Banabhatta uses the term Anuraktamahasamanta (Anurakta-Mahasamanta) only once and it possibly meant those especially attached to their overlord.

==Obligations of the Samanta==
From the Harshacharitra, we understand that the Samanta had five duties. They are:
- Paying yearly tributes to the emperor.
- Paying homage to the emperor in person.
- Defeated Samantas had to offer their sons and minor princes to the Emperor so that they are groomed in the imperial traditions and grow to be loyal to the emperor.
- Render military aid to the emperor.
- Perform administrative and judicial functions in times of peace.

In the nature of rendering military aid, paying tributes and performing administrative and judicial functions, the office of the Samanta is comparable to the office of the Nayaka which was followed by the Vijayanagar Empire.

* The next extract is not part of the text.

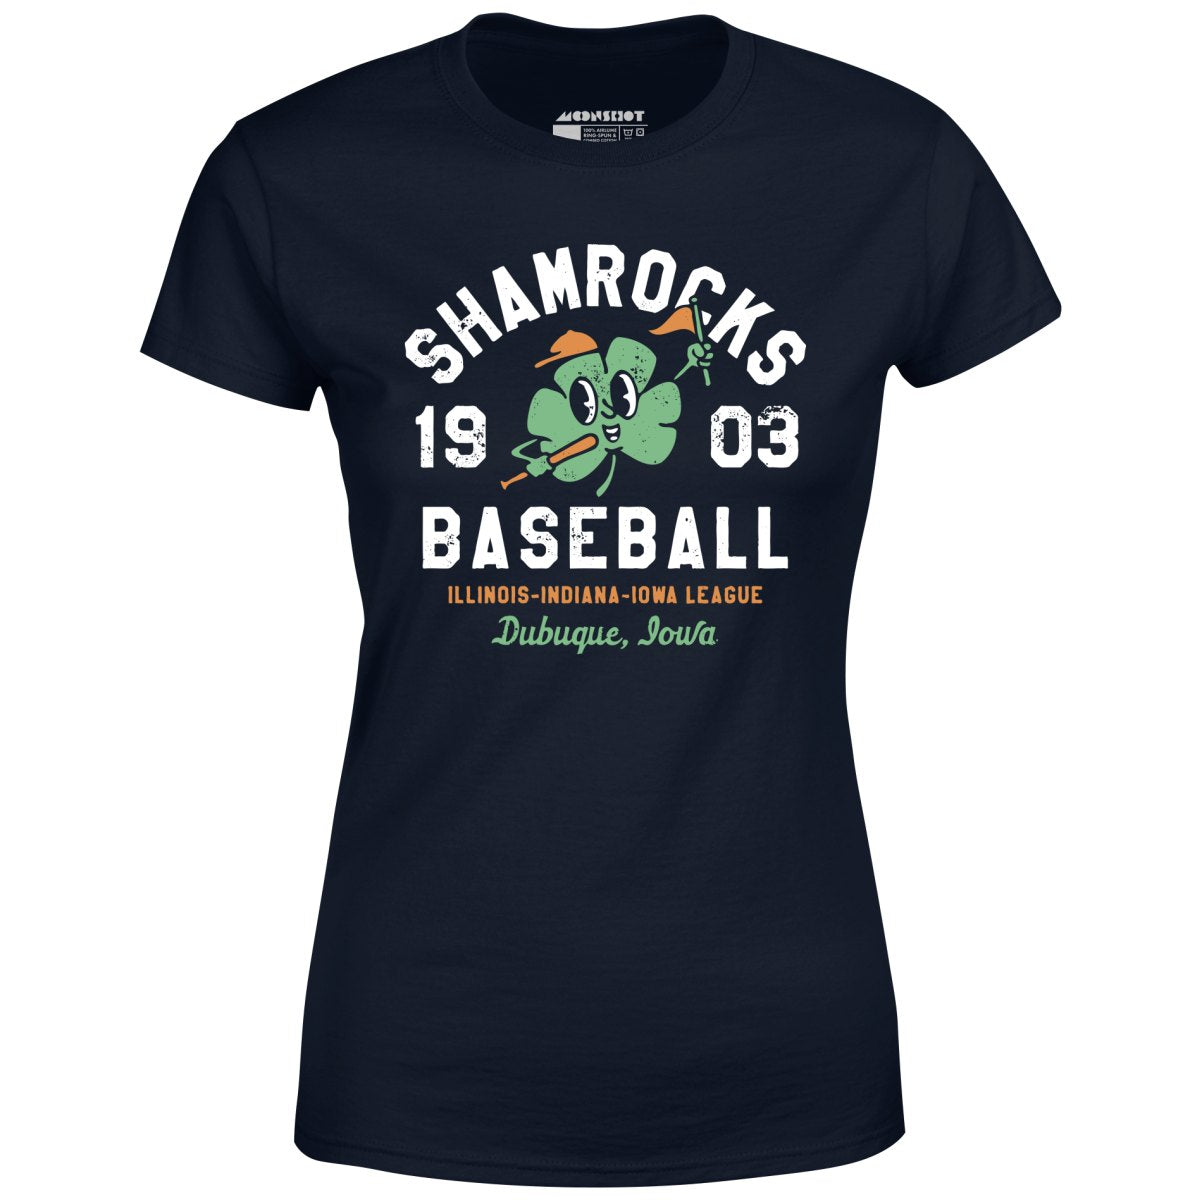 Dubuque Shamrocks - Iowa - Vintage Defunct Baseball Teams - Women's T-Shirt

The Samanta system was followed by several kingdoms across north and south India.

==In South India==
Some examples of Samantas in South India are:
- In the Hoysala empire, samantas were feudal chiefs paying vassalitic homage to the Maharaja and served the king as heredity governors. Some examples or names of the Hoysala heredity governors are Samanta Chattaya ruling Huliyara, Samanta Goyideva ruling Magare and Samanta Bankeya ruling Senavagere. Some such as Samanta Gandaraditya ruled over a larger territory of Arakere, Kaligunda, Kunduru, Belugere, etc. put together.
- In the Chalukya empire, the Banas under Vikramaditya Bali Indra Banaraja, the son of Balikula Tilaka Banaraja accepted the overlordship of the Chalukyas and proclaimed themselves as "Taruna Vasantham" and "Samanta Kesari".
- In the Kakatiya dynasty some examples are of Gonka I who rose to become a viceroy and Beta I (AD 1000 - 1050). Beta I emerged from a status of the Samanta Vishti Vamsa, Beta's son, Prola I, rose to become a Mahamandalesvara under the Chalukya King Someshvara. Further, the son of Prola I named Beta II (aka, Betha Raju) and his grandson named Prola II assumed princely status in the Kakatiya dynasty.
- The office of the Samanta was also passed on as a matrilineal inheritance. An example is the Paduva Panamburu inscription of AD 1542 which refers to one Kinnika Samanta being succeeded by his Aliya (elder sister's son), Dugganna Samant, a Jain Chieftain of Mulki. The Chiefs of Mulki served as Samantas and patronized Jainism.

==In North India==
- The Samanta feudatories of Sagakula were called 'Sahi' and their overlord was called 'Sahanu Sahi' (King of Kings). The location of Sagakula is unknown. The Jaina saint Kalaka describes in his "Kalakacarya Kathanaka", that a group of Saka kings called Sahi kings were induced to come to India from 'Sagakula'. After crossing the Indus, they captured Kathiawar and Ujjayini and installed their own Sahi as the "King of Kings" and began a dynasty. The Sagakula were probably Saka-Kula Western Satraps who had been expelled from Seistan by Mitradates-II of Parthia.

==In East India==
- Varendra rebellion was led by Chasi kevart(Mahishya) Samanta Divya, who mobilised the peasants against Pala rule and usurped Pala throne.
- It is suggested that Adisura ruled over a small portion of northern Bengal and Bihar as a Samanta king during the Pala rule.
- A samanta king (sub-ordinate ruler) named Sarangadeva or Kesari of the Somavamsi family is said to have probably ruled Sarang-Garh in Odisha.
- Bardhamman was ruled by a Samanta king, Ichai Ghosh or Iswani Ghosh of the Sadgop caste, which his descendents held as a zamindari.

==In Nepal==
In the Nepali realm of the Maharaja of Licchavi, samantas held feudal domains and played a major part at court. Samantas played a role in other Nepali kingdoms as well.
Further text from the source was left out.